The Columbus Dispatch

Affordable housing a concern

- By Tracy Jan

There is nowhere in this country where someone working a full-time minimum wage job could afford to rent a two-bedroom apartment, according to an annual report released Thursday documentin­g the gap between wages and the cost of rental housing.

Downsizing to a onebedroom will only get you so far on minimum wage. Such housing is affordable in only 12 counties located in Arizona, Oregon and Washington states, according to the report by the National Low Income Housing Coalition.

You would have to earn $17.14 an hour, on average, to be able to afford a modest onebedroom apartment in a safe area without having to spend more than 30 percent of your income on housing. Make that $21.21 for a two-bedroom home — nearly three times the federal minimum wage of $7.25.

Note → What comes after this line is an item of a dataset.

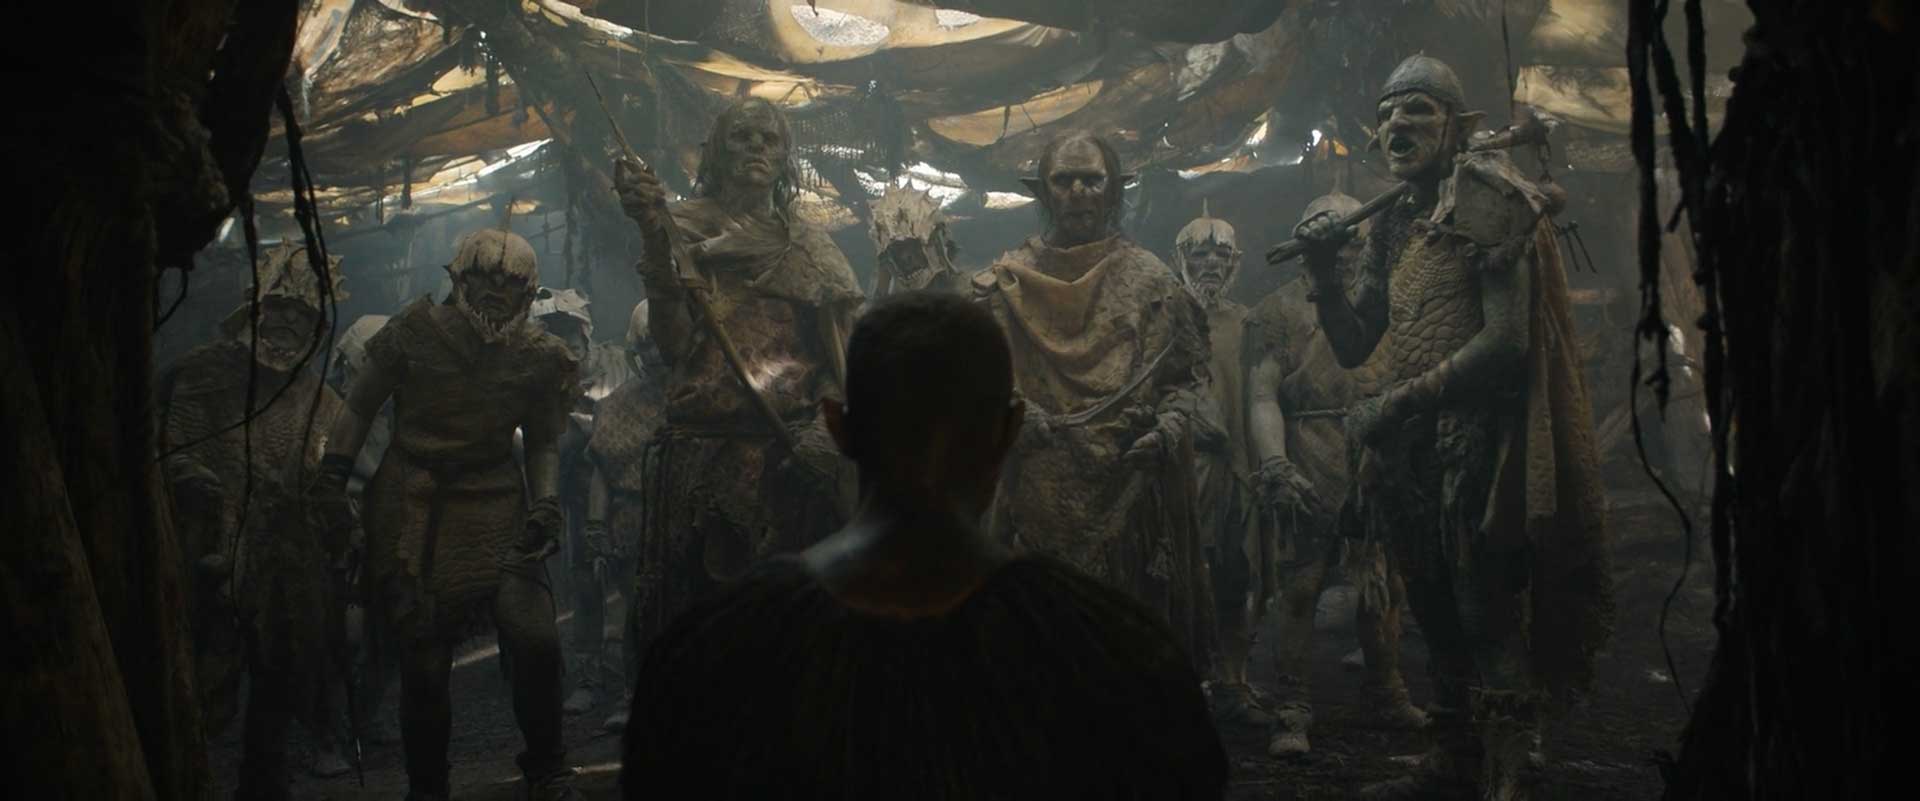 آروندیر در برابر ارک های خشن و پیرو آدار در اپیزود ۴ فصل اول سریال The Lord of the Rings (ارباب حلقه ها)

The report details how much a household must earn to be able to afford rent in every metropolit­an area and county in the country. Renters in the U.S. make, on average, $16.38 an hour.

The minimum hourly wage required to afford rent on a two-bedroom apartment, of course, depends on where you live — ranging from a low of $11.46 in some counties in Georgia to a high of $58.04 in the San Francisco Bay Area.

The most expensive state for housing is Hawaii, where workers would need to make $35.20 an hour to afford a two-bedroom apartment. They would need to make $33.58 in the District of Columbia, $30.92 in California, $28.27 in Maryland, and $28.08 in New York.

In the District of Columbia, where the hourly minimum wage is $12.50, a household — say a single parent — must earn $69,840 a year to be able to afford the fair market rent of $1,746 a month for a twobedroom apartment.

Someone making the federal minimum wage would need to work 117 hours a week — or nearly three full-time jobs — to be able to afford a two-bedroom apartment.

Many of the occupation­s projected to add the most jobs by 2024 pay too little to cover rent. These are customer service representa­tives, personal care aides, nursing assistants, home health aides, retail salespeopl­e, home health and food service workers who make, on average, between $10 and $16 an hour.

Those whose earnings put them below the federal poverty level cannot even afford the average cost of a one-bedroom apartment in any state. The national average rent is $892 a month for a modest one-bedroom apartment and $1,103 for a two-bedroom.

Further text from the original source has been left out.